What is expected> As output, give the exact lines from the one containing "Kilims of this" through the end of the listing below, both included, without the pictures.

Dataset excerpt>
· · · · · · ·
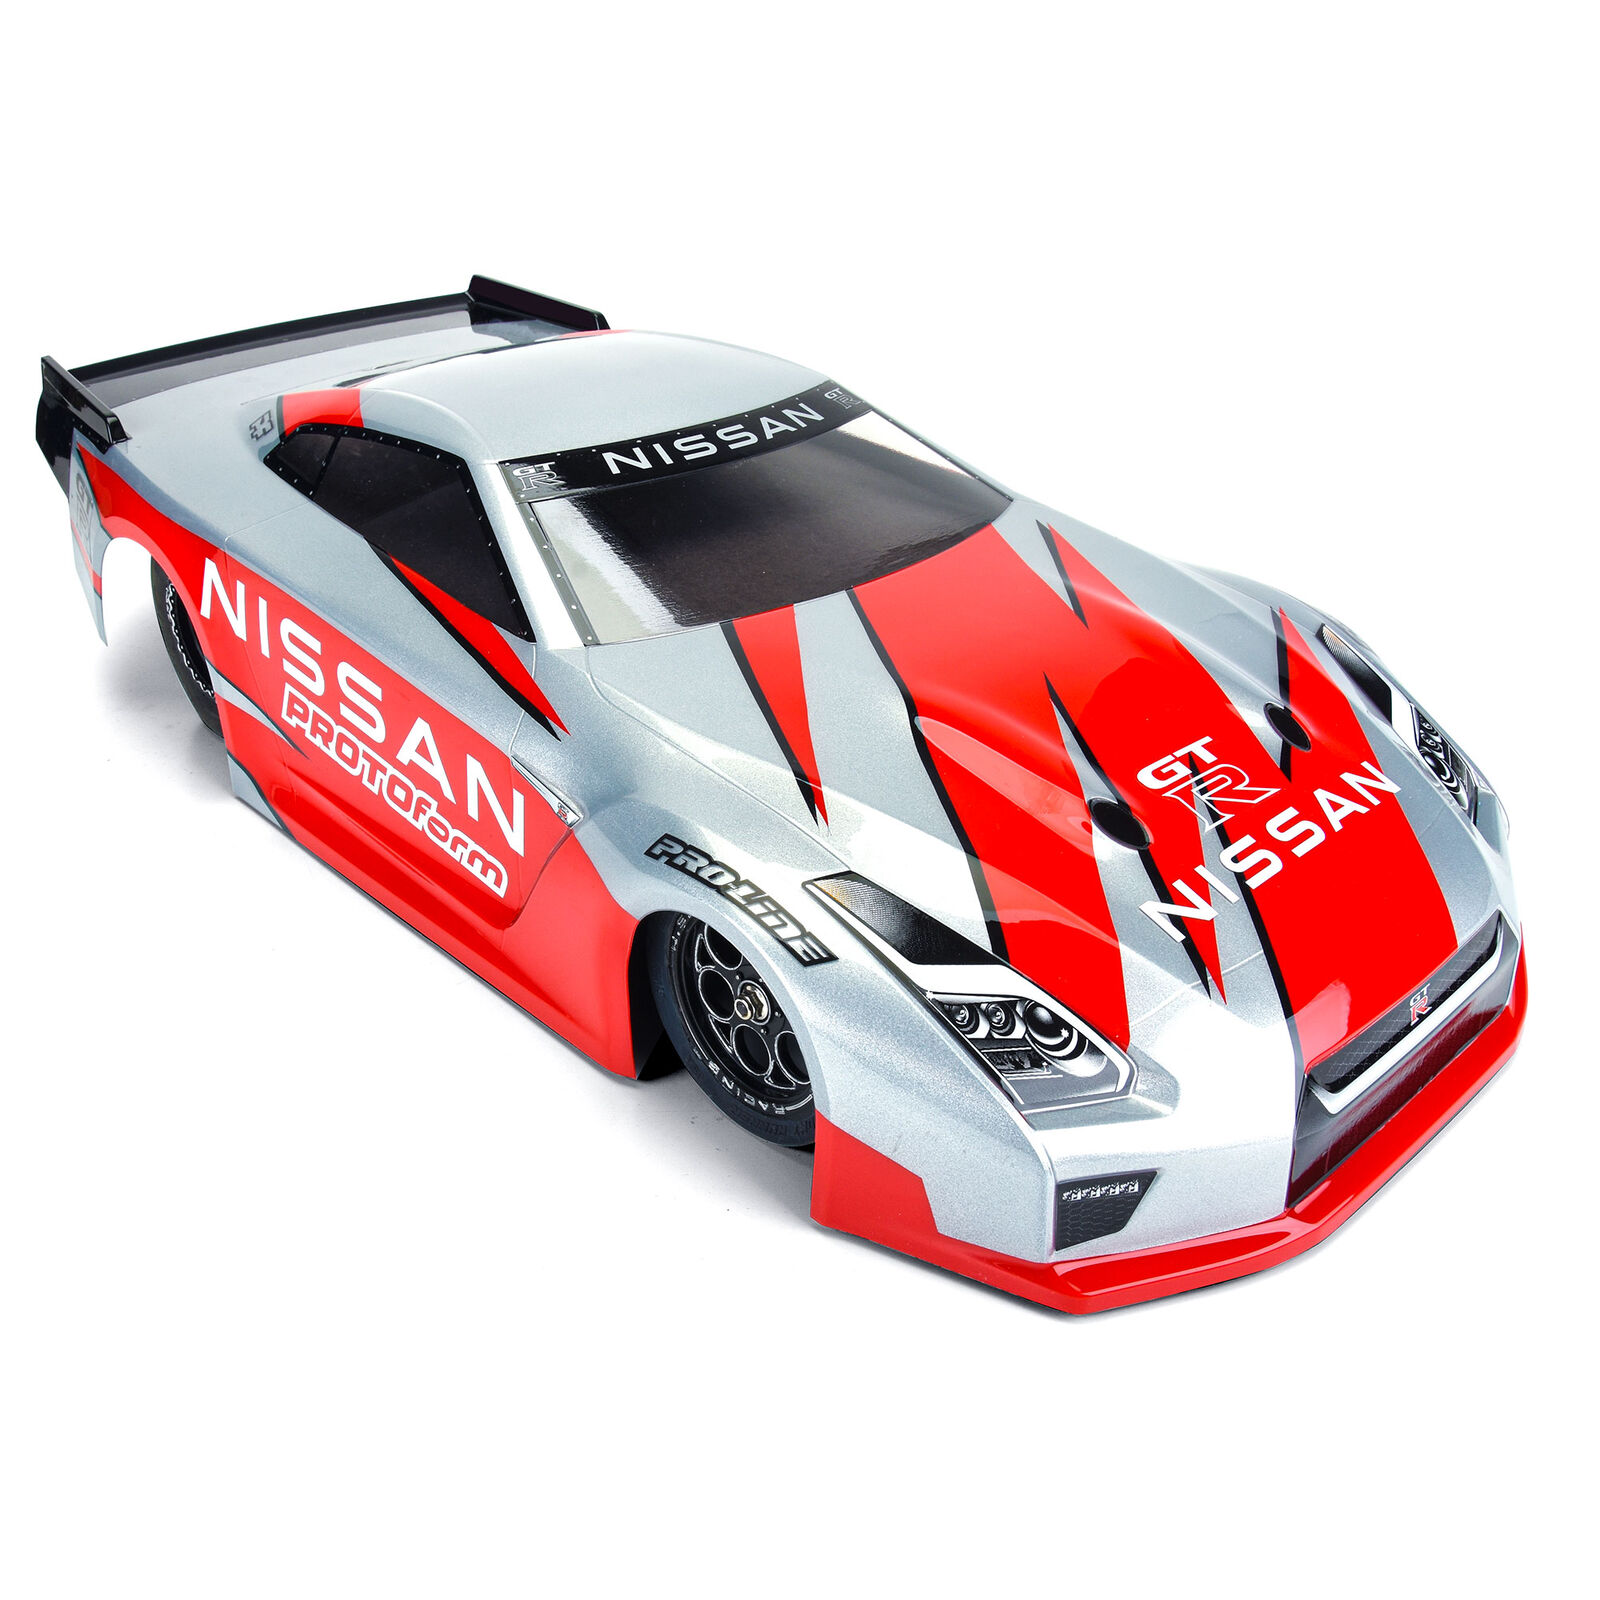 PROTOform - Pro-line Racing 1/10 Nissan GT-R R35 Clear Body: Losi
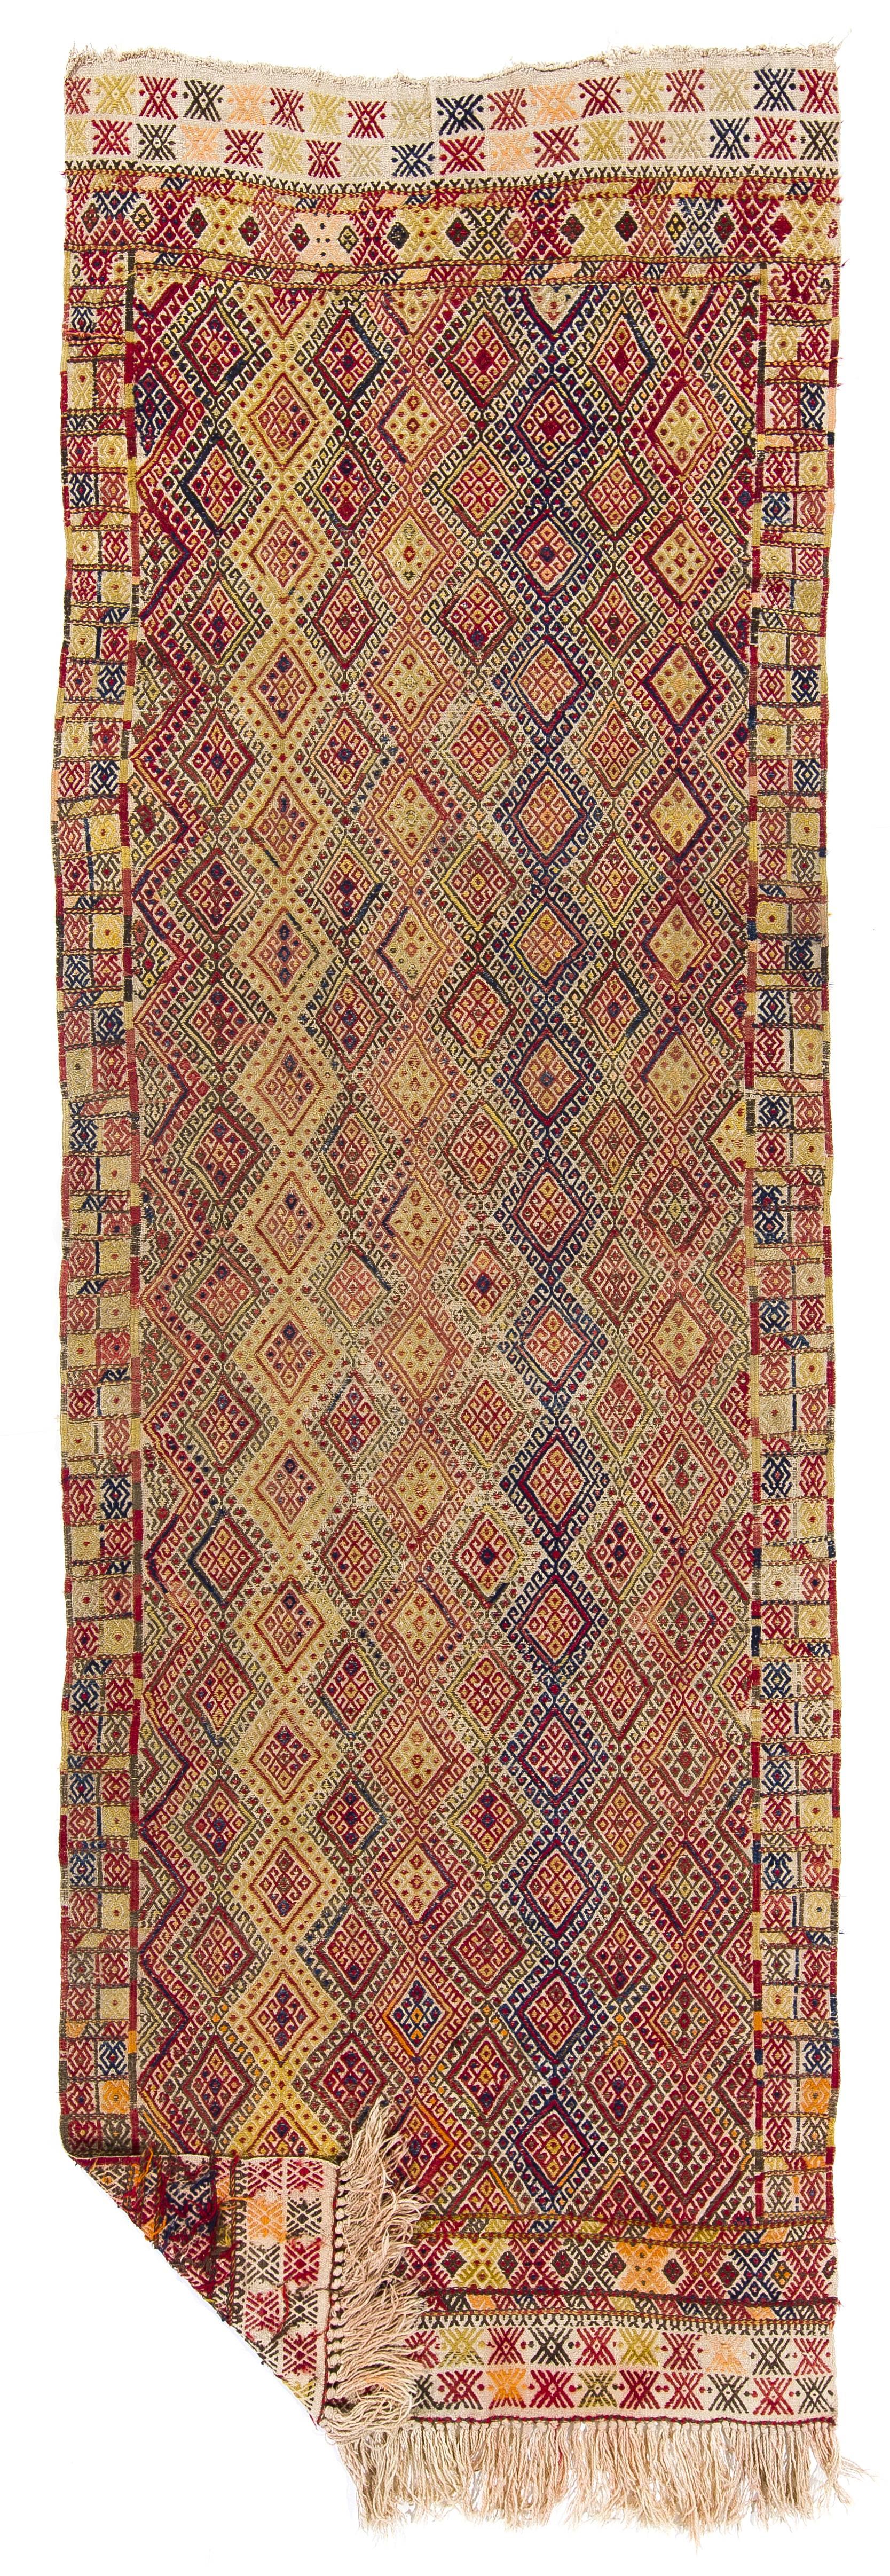 This attractive flat-weave runner rug is handwoven in fine local wool to create a sturdy floor covering featuring an all-over burdock design in soft, warm shades of dark and light moss green, terra cotta red and navy blue. 

Kilims of this type,
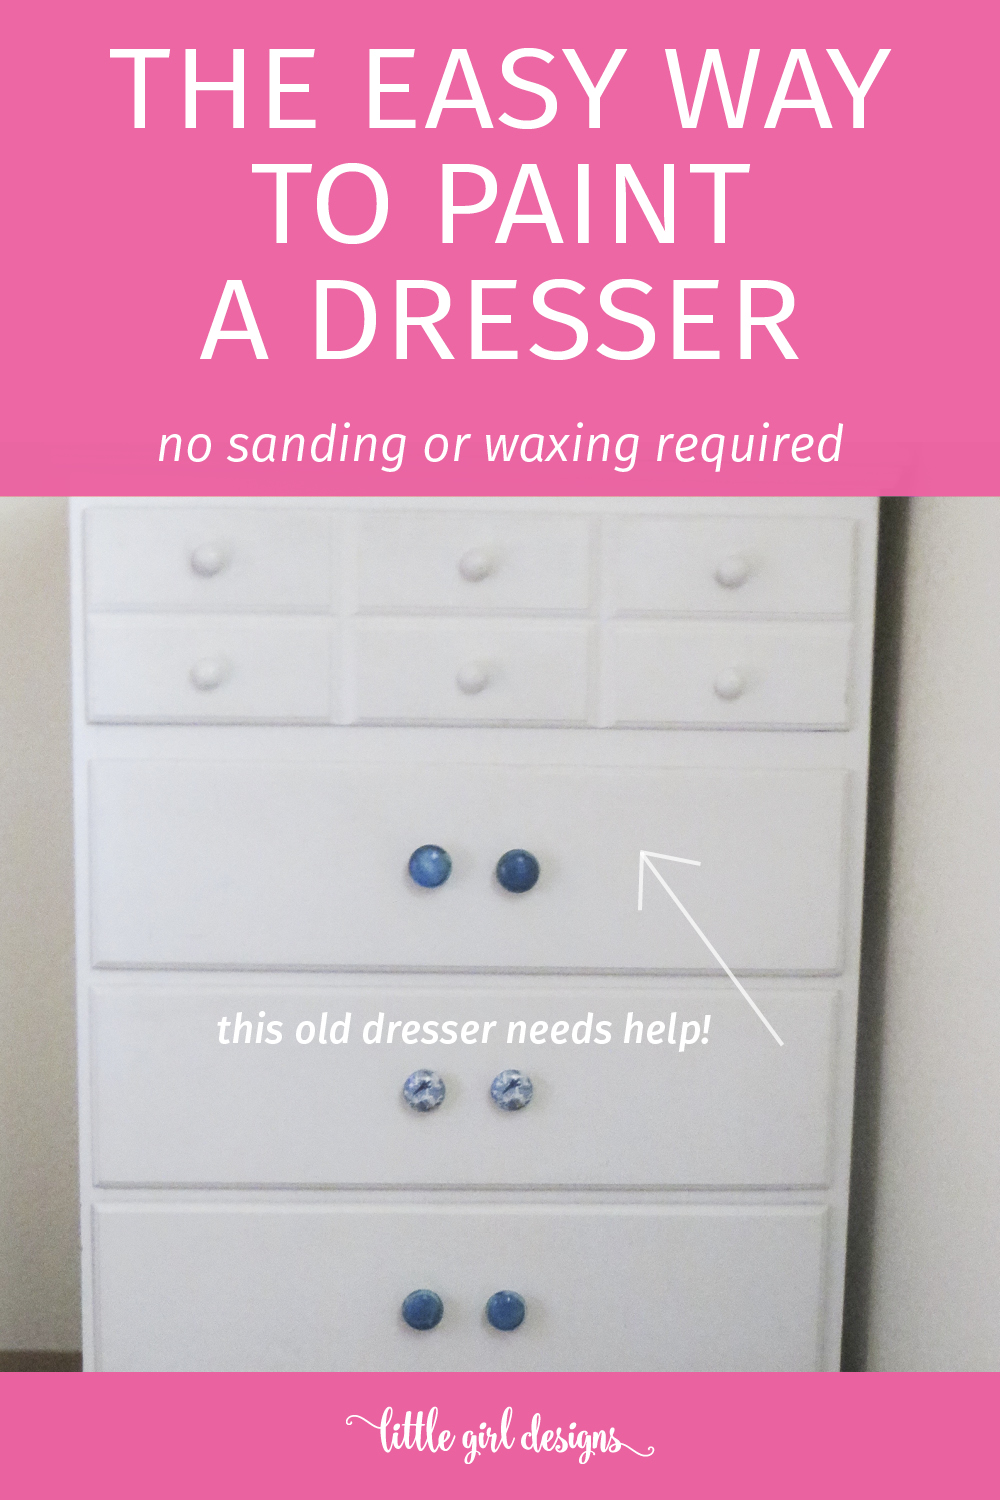 My daughter's dresser needed a serious update but I'm not much of a painter. This post made everything so simple, that I'm going to try it out! I can't believe how nice this updated dresser looks!
· · · · · · ·
Task solution>
Kilims of this type,
 My daughter's dresser needed a serious update but I'm not much of a painter. This post made everything so simple, that I'm going to try it out! I can't believe how nice this updated dresser looks!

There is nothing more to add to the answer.